Because to most Americans—and polling bears this out—the war in Iraq, unfettered Wall Street capitalism and cultural fights over gays and abortion seem neither prudent nor reasonable. They seem extreme and foolhardy.
I can buy that. The effort of the Bush-Cheney administration to manipulate the facts to justify the invasion of Iraq was known to bloggers, at least, some year or two, before it began to be discussed on main stream media. The blog that covered that was called the Downing Street Memos. We have now all seen that no regulation of Wall Street capitalism has led to corruption galore. All this haggling over gays and abortion are really silly. I doubt the founding fathers envisioned government’s role as telling people how to live their lives. Those kinds of issues belong in churches not legislative halls. The Republican Party allowed itself to “seem extreme and foolhardy” by getting involved with the conservative religious right wing of the party. Church and state should remain separate entities, as the Constitution states.
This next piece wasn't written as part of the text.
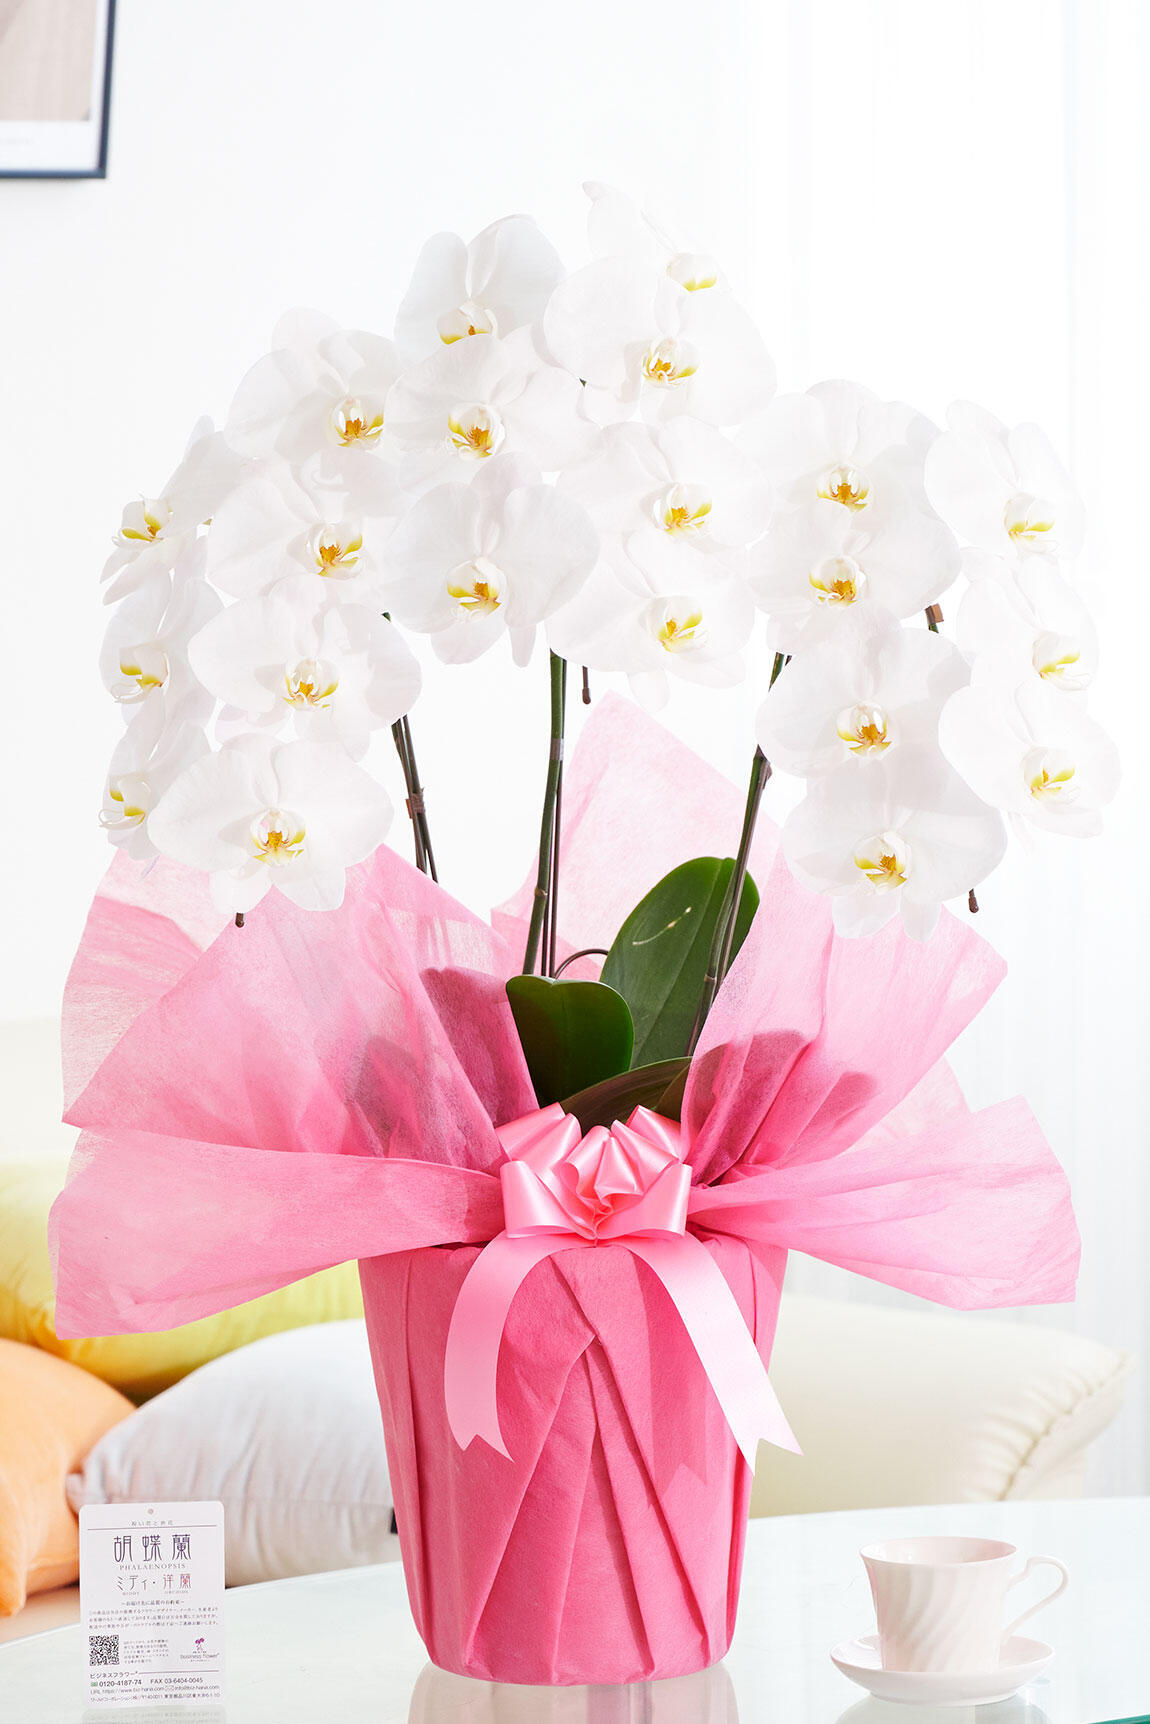 <p>お祝いの定番である白色の3本立ち大輪胡蝶蘭を、コストパフォーマンス重視の格安価格で提供いたします。</p>

Coolican then turns to Nevada.
Consider the budget of Gov. Jim Gibbons. He would have cut state employee and teacher pay 6 percent, while cutting higher education 36 percent. To the mass of suburban voters in places like Henderson who decide elections and who gave Obama a crushing victory in Nevada, this likely does not seem prudent or reasonable.
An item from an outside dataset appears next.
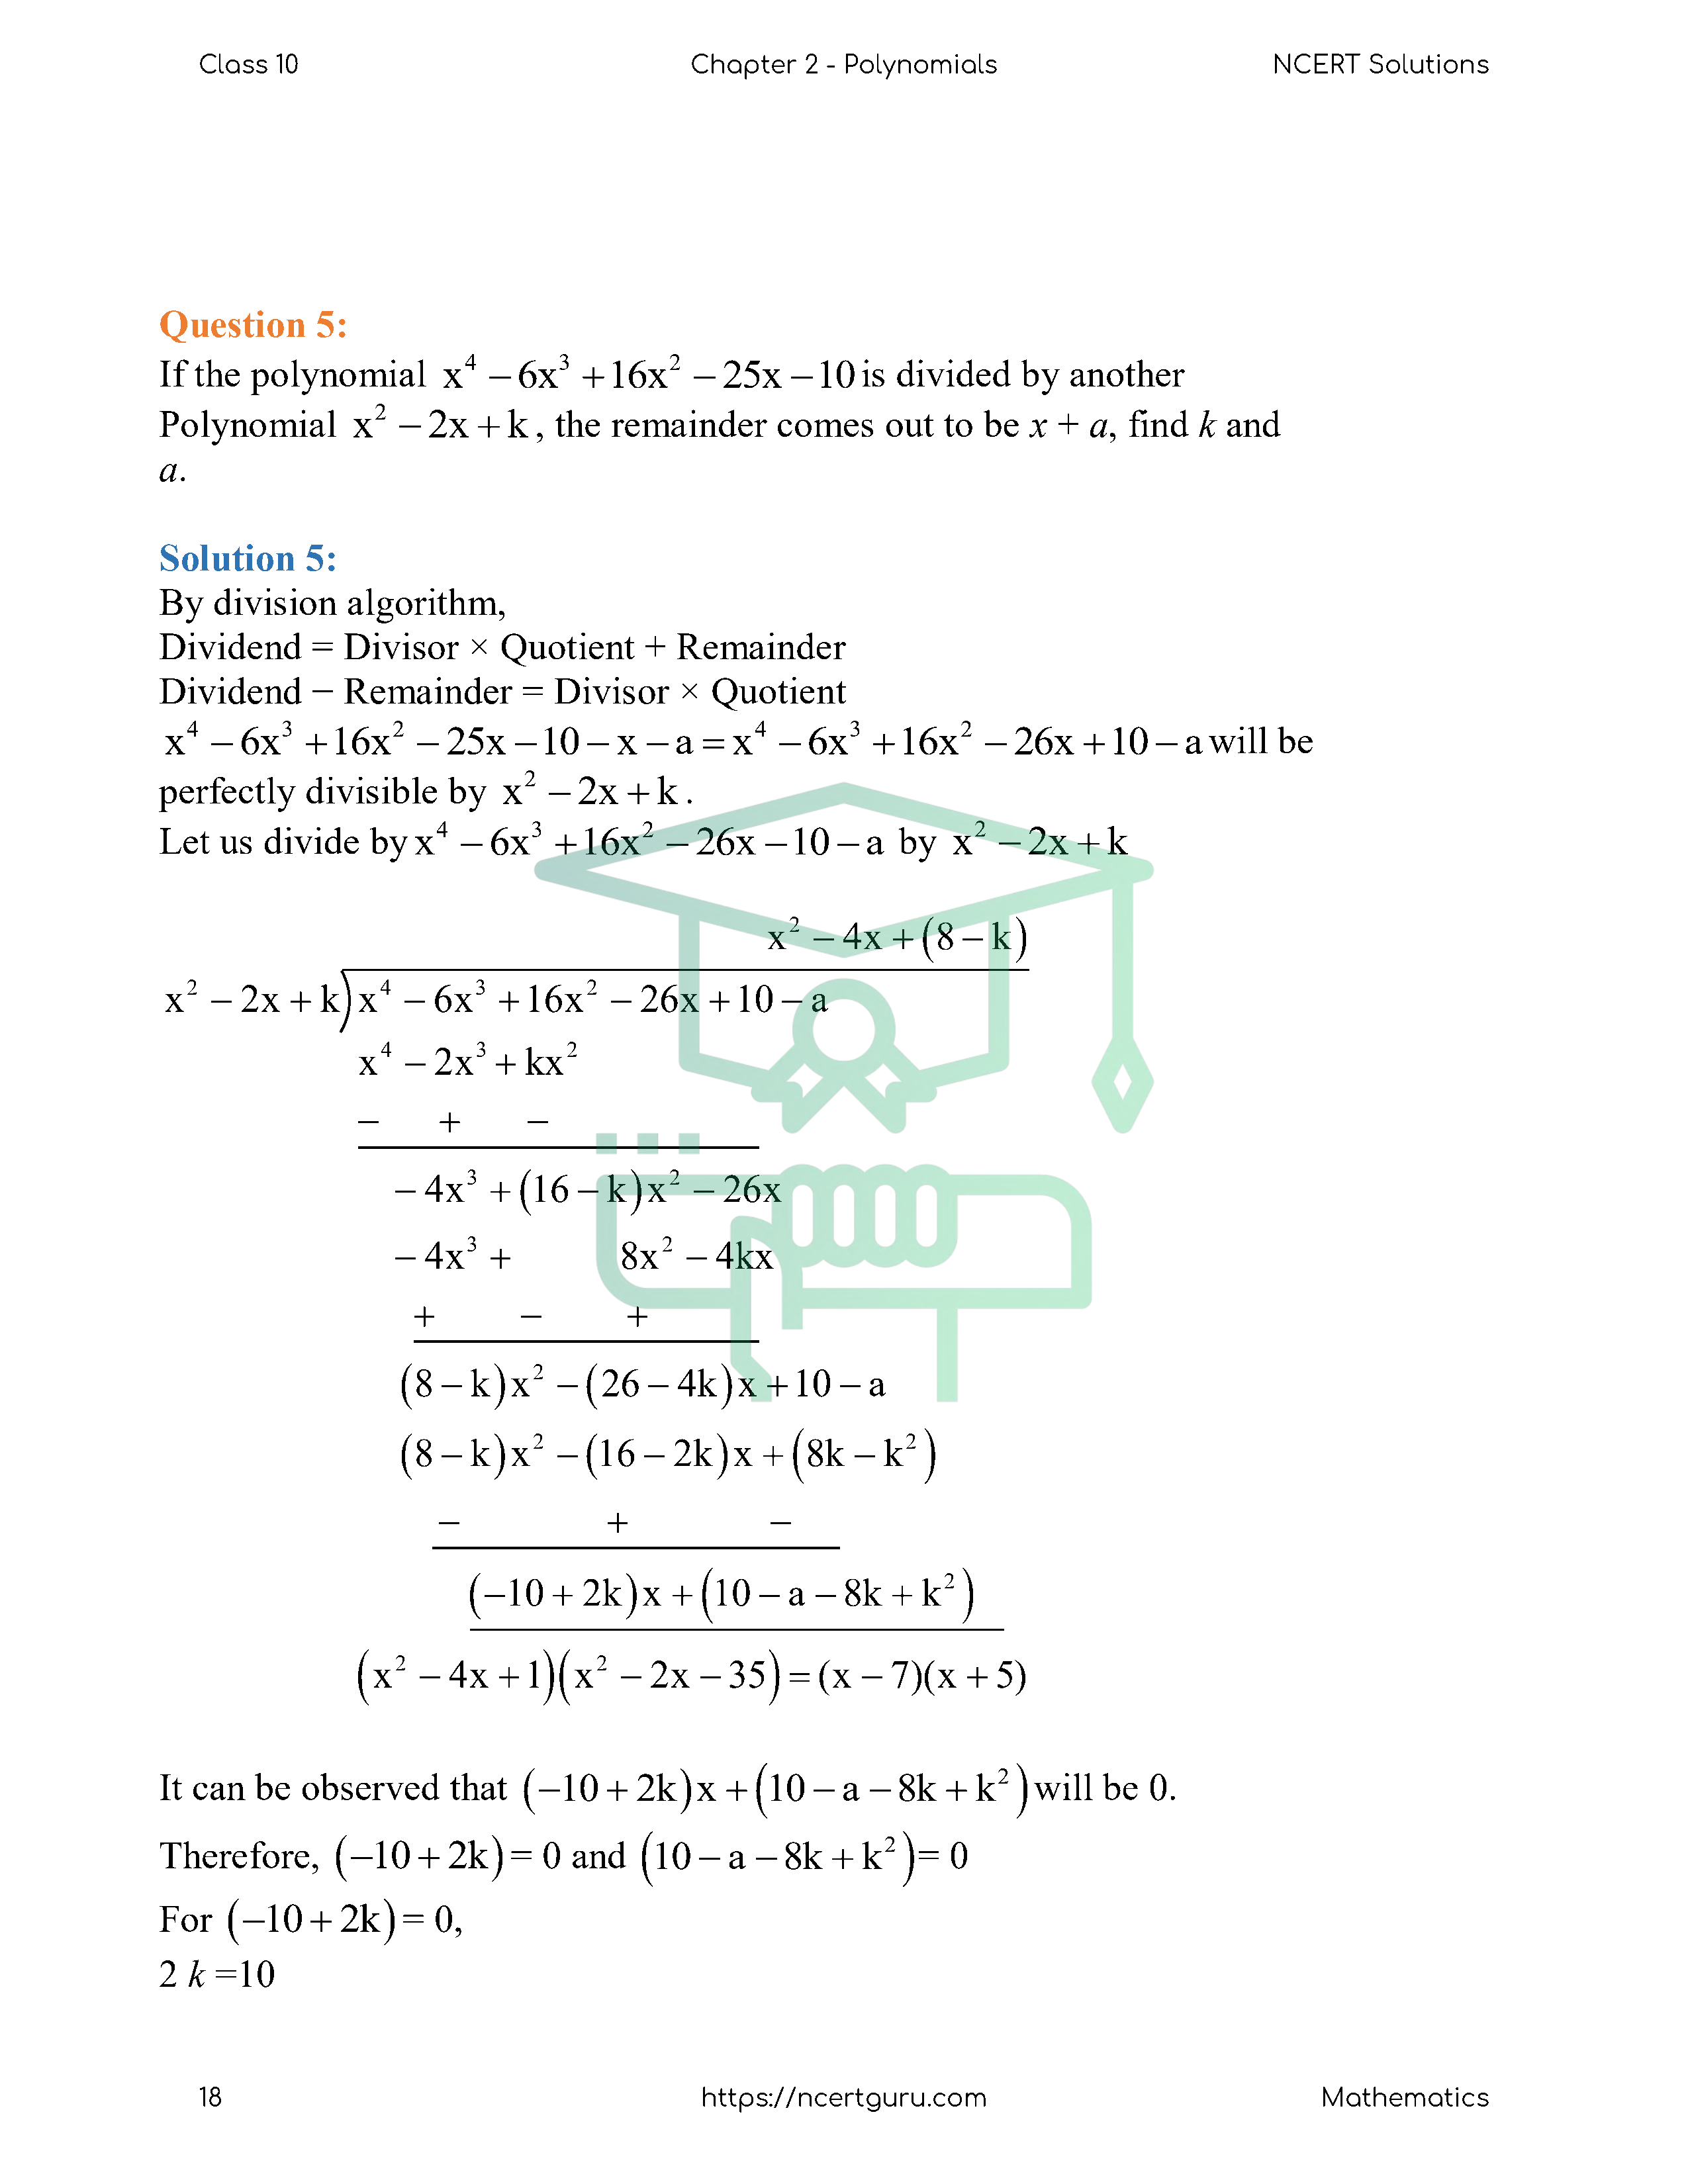 NCERT Solutions for Class 10 Maths Chapter 2

57 percent to 27 percent favored increasing taxes to maintain teacher salaries instead of cutting salaries 4 percent, Coolican writes, citing a Review-Journal poll.
Coolican explains “…these suburban folks have kids in college, or kids they presume will go to college. They want the option of sending their children to schools in Nevada, and a 36 percent cut in higher education must have seemed absurd to parents of college kids or kids who will eventually get there.”
I don’t know if this has much bearing on the viewpoints of the Nevada GOP or not but it does illustrate how out of touch Governor Gibbons is with the public. My feeling is that Gibbons is sort of wandering about perplexed why he is getting so much criticism because he promised he would not raise taxes when he ran for Governor. However, the culture of Nevada has changed. People want their governmental services and are willing to pay reasonable taxes increases to keep or get them. The old Nevada GOP mantra over taxation doesn’t hold anymore. Gibbons is of the old school. More up to date Republicans see that and, as Coolican points out, “They (the current GOP Nevada legislators) created distance between themselves and Gibbons, who is deeply unpopular and will create problems for all Republicans if he is on the ticket in 2010.”
“…the public does not view Gibbons as prudent or reasonable,” according to Coolican.
I agree with Coolican but would be a bit more pointed. Gibbons has proved himself to be a joke as a Governor. Some Nevada Republicans can see that and recognize they are going to have to modify their stances politically if they expect to remain in elected office in the future.
I believe in a two-party system and the checks and balances that provides. But right now, until we get out of the myriad of messes left by the GOP and can live with the single-party system. But even then an eye has to be kept on the single party so it doesn’t go running off to either extreme.